Direitos do ser humano na opção sexual

 

Human rights regarding sexual orientation

 

 

Maria Lúcia IvoI; Marília Augusta Ivo PelizaroII; Elizabeth Gonçalves Ferreira ZaleskiIII

IDoutora em Enfermagem Fundamental, Prof. Adjunta da UFMS Programa de Mestrado em Saúde Coletiva. Rua Opala, 54, B. Coophrádio Campo Grande MS, fone: (67) 3879965 – Cep. 79052-150. E-mail: luciaivo@bol.com.br
IIPsicóloga especialista em sexualidade humana do Centro de Especialidades Médicas em Campo Grande – MS
IIIProfª Adjunta do Departamento de Enfermagem UFMS

 

 


RESUMO

Vivemos em uma sociedade, onde os valores dominantes referem a vínculos heterossexuais, repressões referentes à homossexualidade, advindo destes limites um comportamento hipócrita em que o conceito de igualdade, enquanto cidadãos, é esquecido na prática, embora seja ardentemente defendido no discurso das pessoas. Desta forma, o objetivo desta investigação, é buscar subsídios teóricos capaz de definir, situar e refletir a Homossexualidade, sobretudo a masculina. Na metodologia, desenvolvemos um estudo bibliográfico, realizado no primeiro semestre de 1998, em fontes formalmente publicadas, no período entre 1970 a 1996. Nos resultados, enfatizamos o ser humano como Ser Social, cabendo admitir a sexualidade como Direito Social, reprovando determinados limites. Sabemos que da repressão emergem comportamentos eivados de violabilidade, comprometendo a qualidade de vida do homem e da comunidade. Refletir esta questão exige da família, da escola, de todos os setores da sociedade uma postura de respeitá-los como seres humanos, deixando-os viver plenamente sua sexualidade.

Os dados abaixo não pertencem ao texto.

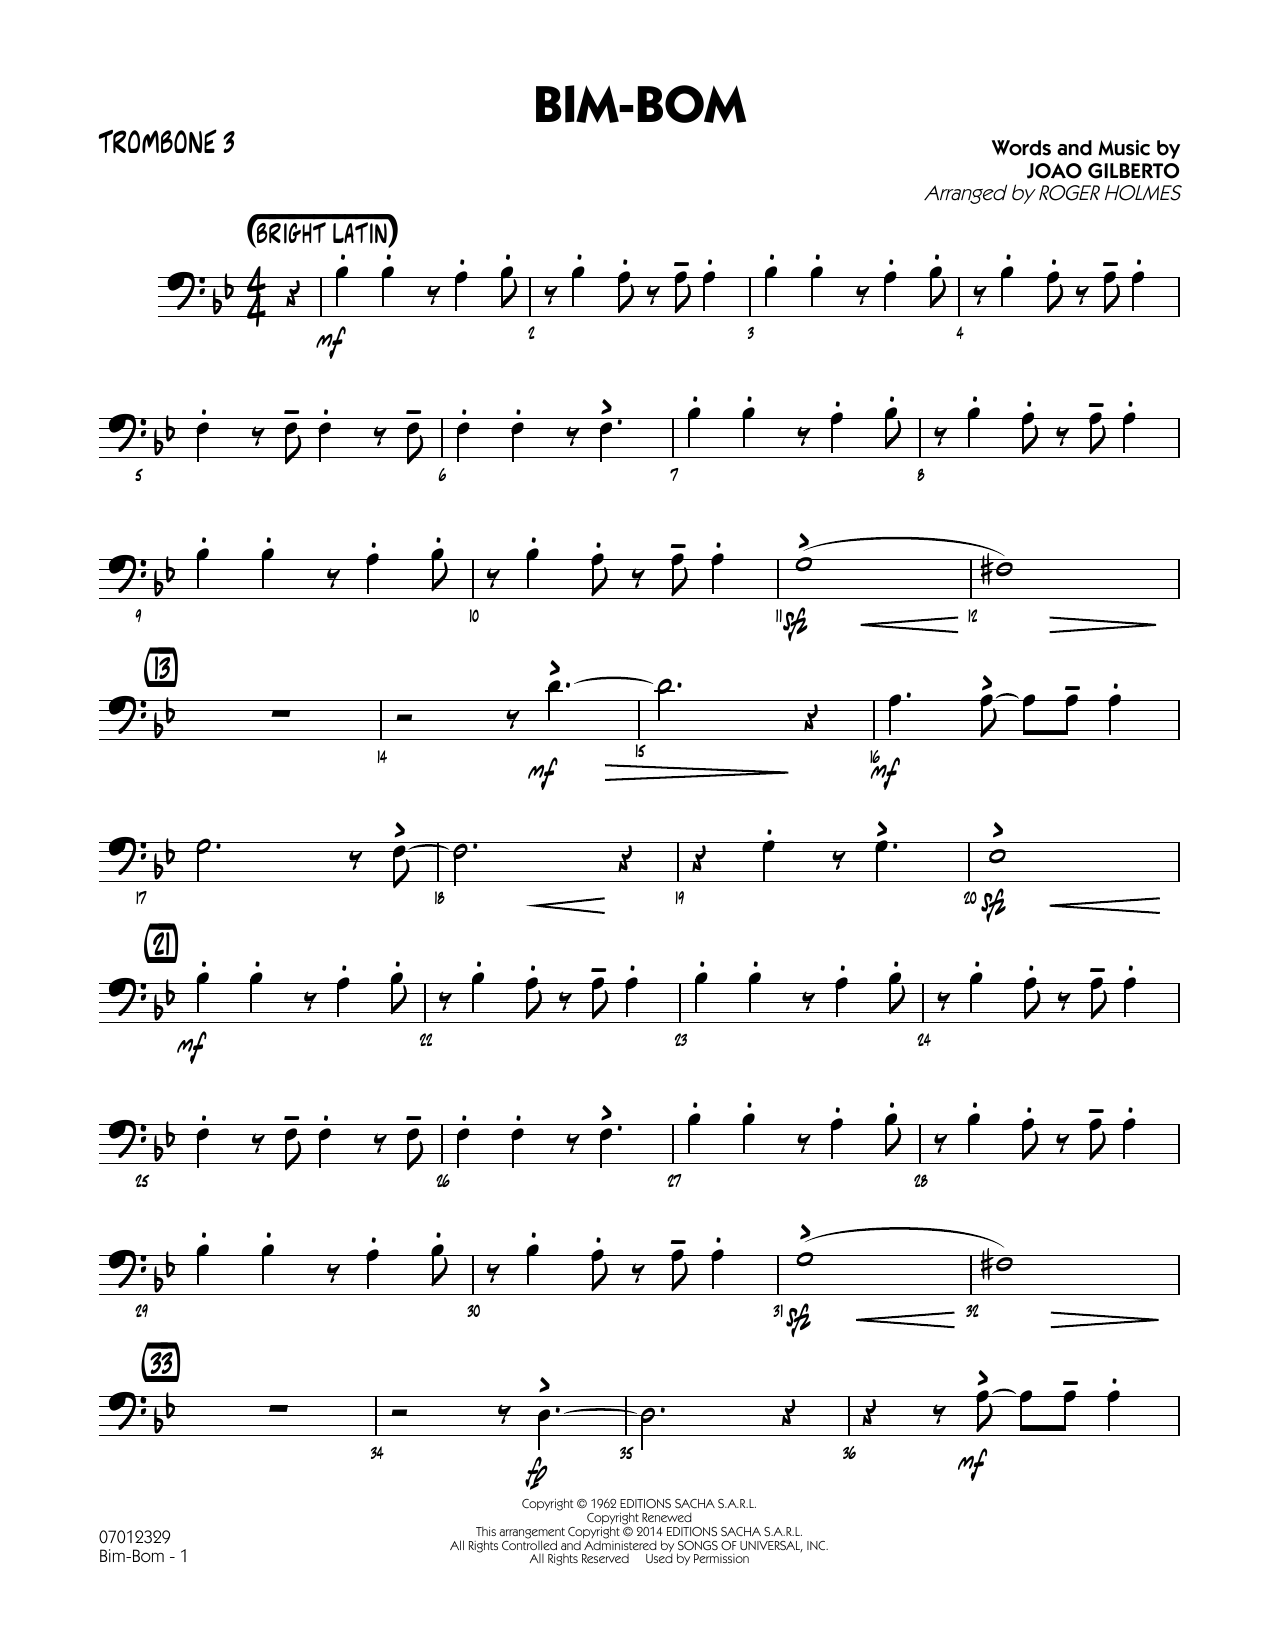 Roger Holmes Bim-Bom - Trombone 3 sheet music notes and chords. Download Printable PDF.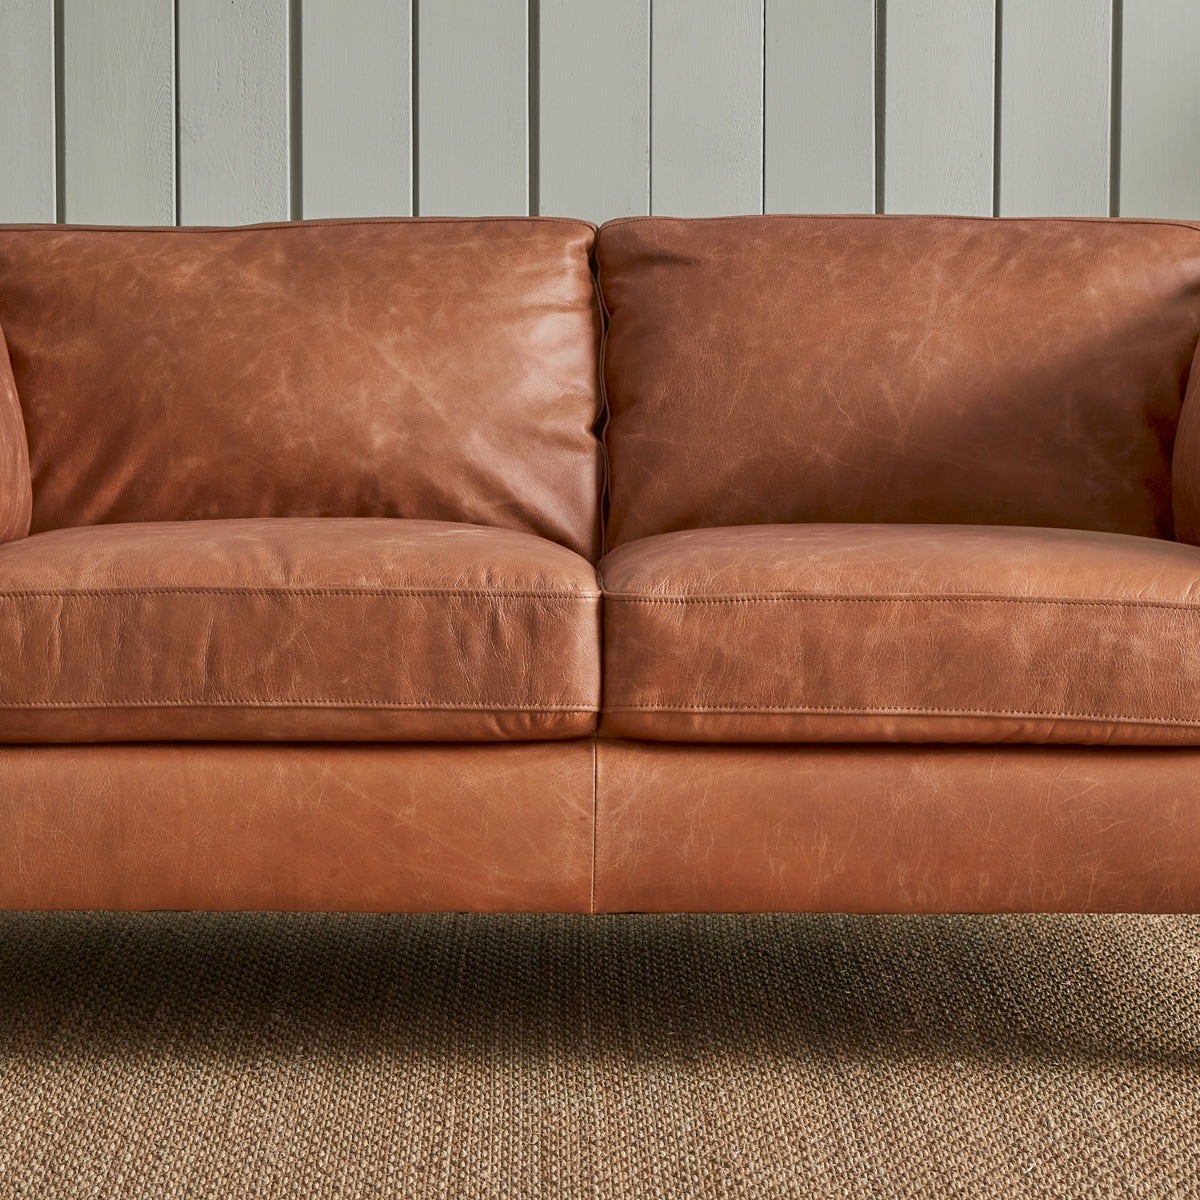 Harden Tan Leather Sofa

Palavras-chave: sexualidade, homossexualidade, opção sexual


ABSTRACT

We live in a society where prevailing values refer to heterosexual bonds and repression of homosexuality. These limits often lead to a hypocritical behavior in which the concept of equal citizens, although fiercely defended in people’s discourse, is forgotten in practice. Thus, this investigation aimed to seek theoretical foundations for defining, situating and describing Homosexuality - particularly in its male expression. What methodology is concerned, a bibliographic research was carried out in the first half of 1998, covering sources that were formally issued in the period 1970-96. In the results, the human being is emphasized as a Social Being, and sexuality is regarded as a Social Right, rejecting certain limits. However, we know that violent behavior emerges from repression, which compromises the quality of life of individuals and the community. The consideration of this issue requires an attitude of respect from families, schools and all areas of society alike, allowing human beings to fully live their sexuality.

Key words: sexuality, homosexuality, sexual orientation


 

 

INTRODUÇÃO

Estamos iniciando um novo milênio. Assiste-se a uma crise humana global. O homem busca redefinições. E neste movimento, a pessoa torna-se impotente face a tantas informações.

Sentimentos de alienação — no sentido de solidão — surgem. E o ser humano mergulha em uma grande dor ao perceber sua existência. Passa a viajar por este universo humano buscando a felicidade, o prazer em sua essência.

Acreditamos que, nesta busca incessante, o homem fará muitas vezes fotografias inéditas; e mergulhando no mais profundo do seu ser, encontre a mina de ouro escondida: sua sexualidade.

A maioria das pessoas, ao falar em sexualidade, faz uma associação direta com sexo, como se fossem sinônimos.

Sexualidade e sexo guardam significados diferentes. "Sexualidade é uma dimensão inerente da pessoa e está presente em todos os atos de sua vida. É um elemento básico da personalidade, que determina ao indivíduo um modo particular e individual de ser, manifestar, comunicar, sentir, expressar e viver o amor. Sexualidade é auto-identidade, é a própria existencialidade" (MAIA, 1994, p. 209).

O homem, um ser social por natureza, vê a sexualidade como um direito social.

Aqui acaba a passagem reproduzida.